Por Rocco Carbone
“2001: año del vaffanculo” dice en este texto el pensador ítalo-argentino Rocco Carbone. Año de revueltas populares entre Italia y Argentina que se levantaron contra las bondades del neoliberalismo: desigualdad, naufragios, violencia, crueldad
2001: año del vaffanculo. Vaffanculo nacido en el corazón de las revueltas populares italianas y argentinas que expresaron con crudeza, cada una a su manera, las contradicciones del neoliberalismo, con sus paisajes de desigualdad, naufragios y violencia estructural de la mayor crueldad.
Desde el 19 hasta el 22 de julio el movimentismo “no global” (así fue llamado), diversos movimientos sociales europeos, partidos, organizaciones de izquierda, católicas, ambientalistas, centros sociales y culturales, sindicatos nos juntamos en Genova para cultivar el terreno de la imaginación de otro mundo necesario (inevitable) y de una situación popular abigarrada. Confluimos para experimentar modos alternativos de la vida colectiva. La palabra balbuceada permanentemente era “altermundista”. En ella pulsaban los debates sobre energía, agricultura, agua, ambiente, clima, tierra, armas, medicamentos, bienes comunes, migraciones contra el racismo, diversidades, creencias y religiosidades, finanzas y economía, trabajo, derecho a la vivienda. Esa gran movilización popular pretendía discutir los principios sobre los cuales se fundaba la convivencia humana, las jerarquías de poder, la pirámide social. En la protesta y en la conversación pulsaba el corazón del instituir: “Hasta que lo imposible sea inevitable” era acaso la consigna principal de impugnación a la reunión del G8, el encuentro de los ocho países dizque industrializados. Ahí estaban los representantes de las dizque grandes naciones, esas que bajan línea a los centros de poder que determinan reglas globales cuya traducción para los pueblos se verifica en situaciones de crueldad bajo el manto de todo tipo de desigualdades. El imperialismo de pocos es el colonialismo de muchos. Los gobiernos de Berlusconi Silvio habían hecho costumbre de la represión. Era su manera de interlocución con las resistencias populares en una Italia arrojada a un clima cultural y político del odio y de la intolerancia hacia quienes practicábamos la impugnación, fuéramos militantes, estudiantes, feministas, migrantes (“clandestinxs”) o trabajadores precarizadxs. Pero en Genova la escena tomó el tinte del naufragio y mostró la cara oscura del universo a raíz protestas más o menos encendidas, el saqueo de algunos supermercados.

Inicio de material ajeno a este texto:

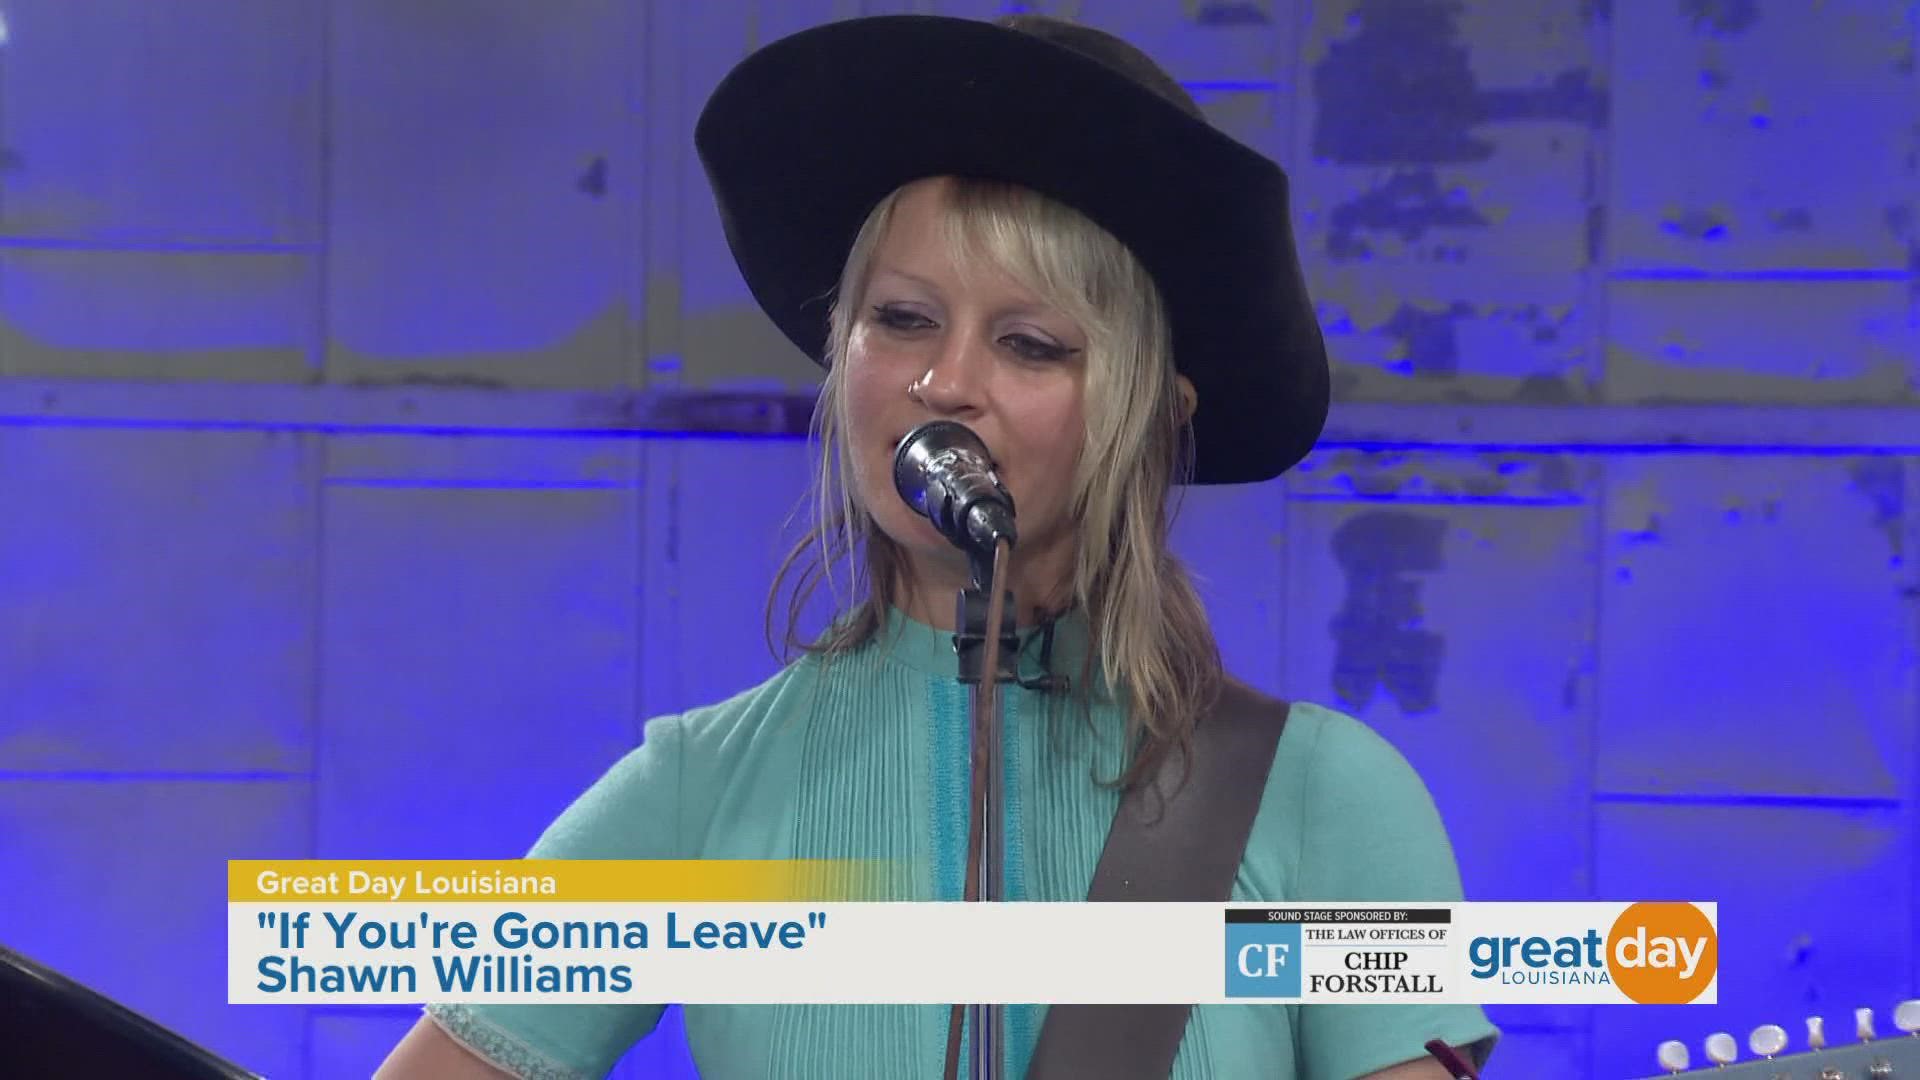 Shawn Williams shares the inspiration behind her song "If You're Gonna Leave."

La fuerza represiva mató a Carlo Giuliani. Un coracero lo asesinó: Mario Placanica. Carlo descendió de una barricada comunera y estaba tratando de golpear un jeep en el que se encontraban tres carabinieri. Empuñaba un arma para infundir terror: el matafuego. Placanica le disparó y el jeep lo pisoteó dos veces. Carlo aún respiraba. Tenía 23 años, había tenido vínculos con Amnesty International, era padre adoptivo de un nene en situación de calle, militaba en Rifondazione Comunista y era voluntario en una asociación nacional de lucha contra el HIV. Los medios de comunicación hegemónicos -todos: pues Berlusconi era dueño de Fininvest, que entonces tenía tres canales de telebasura, y era, al mismo tiempo, primer ministro, como tal, manejaba las políticas comunicacionales de la RAI también- volvieron a matar a Carlo luego del asesinato. Represión en la calle y represión en los medios sin nada de medio y todo de parte. Poco después se activaría la represión judicial. Un militante popular se transformó entonces en drogadicto, violento, punk, hijo de padres disfuncionales. Nada que no se sepa de la reacción y los instrumentos que pone en movimiento. Berlusconi, además de ministros mafiosos, contaba con el sostén del “fascismo democrático” (Gianfranco Fini, entonces vicepresidente del Consejo de Ministros) y, se sabe, el fascismo, que no reclama aditivos, es un sistema de reacción integral. La imagen de Carlo, un cuerpo flaco -como esos que conservamos en la retina y que en diciembre de 2001 estaban en Plaza de Mayo-, captado por la cámara inquieta de Eligio Paoni, se convirtió en el símbolo de una generación de jóvenes altermundistas (uno de los tantos modos de decir revolucionarixs). Cámara destruida y una mano fracturada, ésa fue la respuesta de la represión para con el fotorreportero. Un cura -debe haber integrado alguna forma de la teología de la liberación- que trató de bendecir el cadáver de Carlo, también recibió un par de patadas. Ahí también estaban sintetizadas las formas de la vida neoliberal.
En una gran dramática de la literatura argentina -el Dorrego de Viñas, en la que dos payadores, uno unitario y otro federal, enumeran una larga serie de fusilados, todas víctimas de la historia política nacional, desde Vicente Peñaloza, montonero riojano, 1863, hasta Felipe Vallese, metalúrgico porteño, 1963- se hubiera podido incluir a Carlo. Payada.
-Rolón: Carlo Giuliani, comunista, Genova, 2001.
-Correa: ¡Presente!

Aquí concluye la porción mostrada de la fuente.